Automatic Model Tuning
The process of using the trained model to make predictions.
Inference
Downloads data into the SageMaker instance volume before model training commences.
File mode
Directly stream data from Amazon S3 into the training algorithm container.
Pipe mode
automates the process of building, tuning, and deploying machine learning models based on a tabular dataset (CSV or Parquet).
SageMaker AutoPilot
a data labeling service that lets you use workforce (human annotators) through your own private annotators, Amazon Mechanical Turk, or third-party services.
SageMaker GroundTruth
a visual data preparation and cleaning tool that allows data scientists and engineers to easily clean and prepare data for machine learning.
SageMaker Data Wrangler
allows you to optimize machine learning models for deployment on edge devices to run faster with no loss in accuracy.
SageMaker Neo
automates the process of hyperparameter tuning based on the algorithm and hyperparameter ranges you specify. This can result in saving a significant amount of time for data scientists and engineers.

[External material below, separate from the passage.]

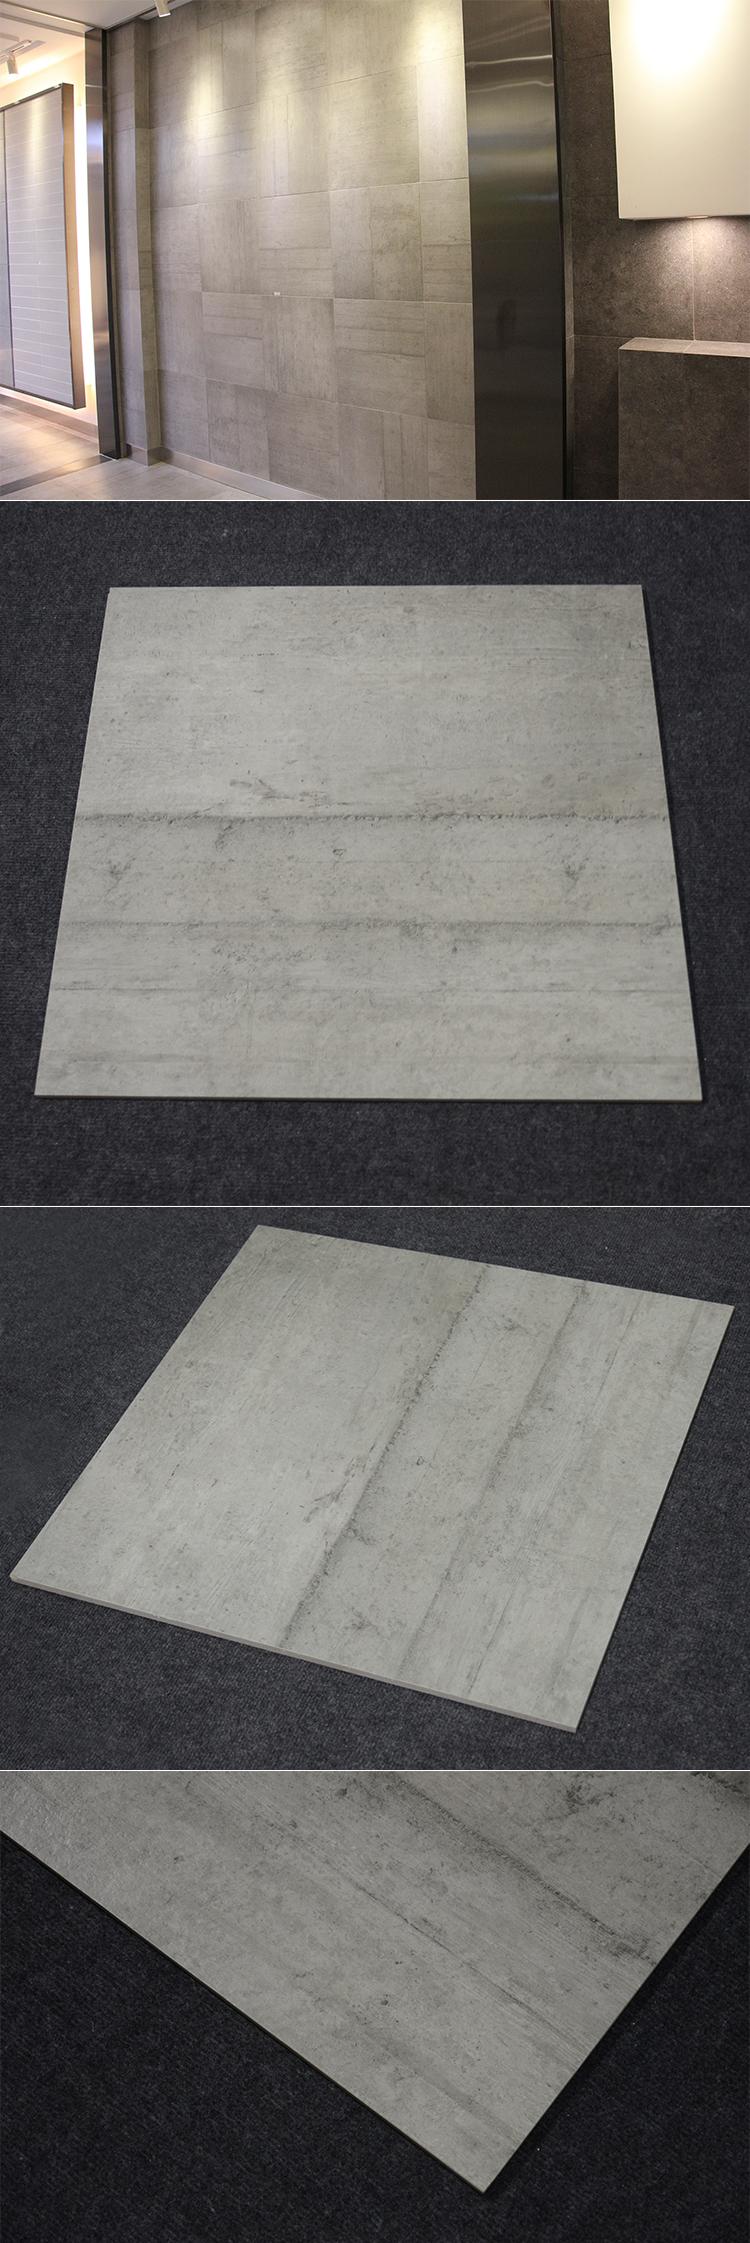 Hcm6008 interlocking ceramic tile floors manufacturer malaysia from hcm6008 interlocking ceramic tile floors manufacturer malaysia from brazil dailygadgetfo Gallery

SageMaker Automatic Model Tuning
provides real-time insights into the training process of machine learning models, enabling rapid iteration. It allows you to monitor and debug training issues, optimize model performance, and improve overall accuracy by analyzing various model-related metrics, such as weights, gradients, and biases.
Amazon SageMaker Debugger
allows data scientists and engineers to save up to 90% on the cost of training machine learning models by using spare compute capacity.
Managed Spot Training
allows for splitting the data and distributing the workload across multiple instances, improving speed and performance. It supports various distributed training frameworks such as TensorFlow, PyTorch, and MXNet.
Distributed Training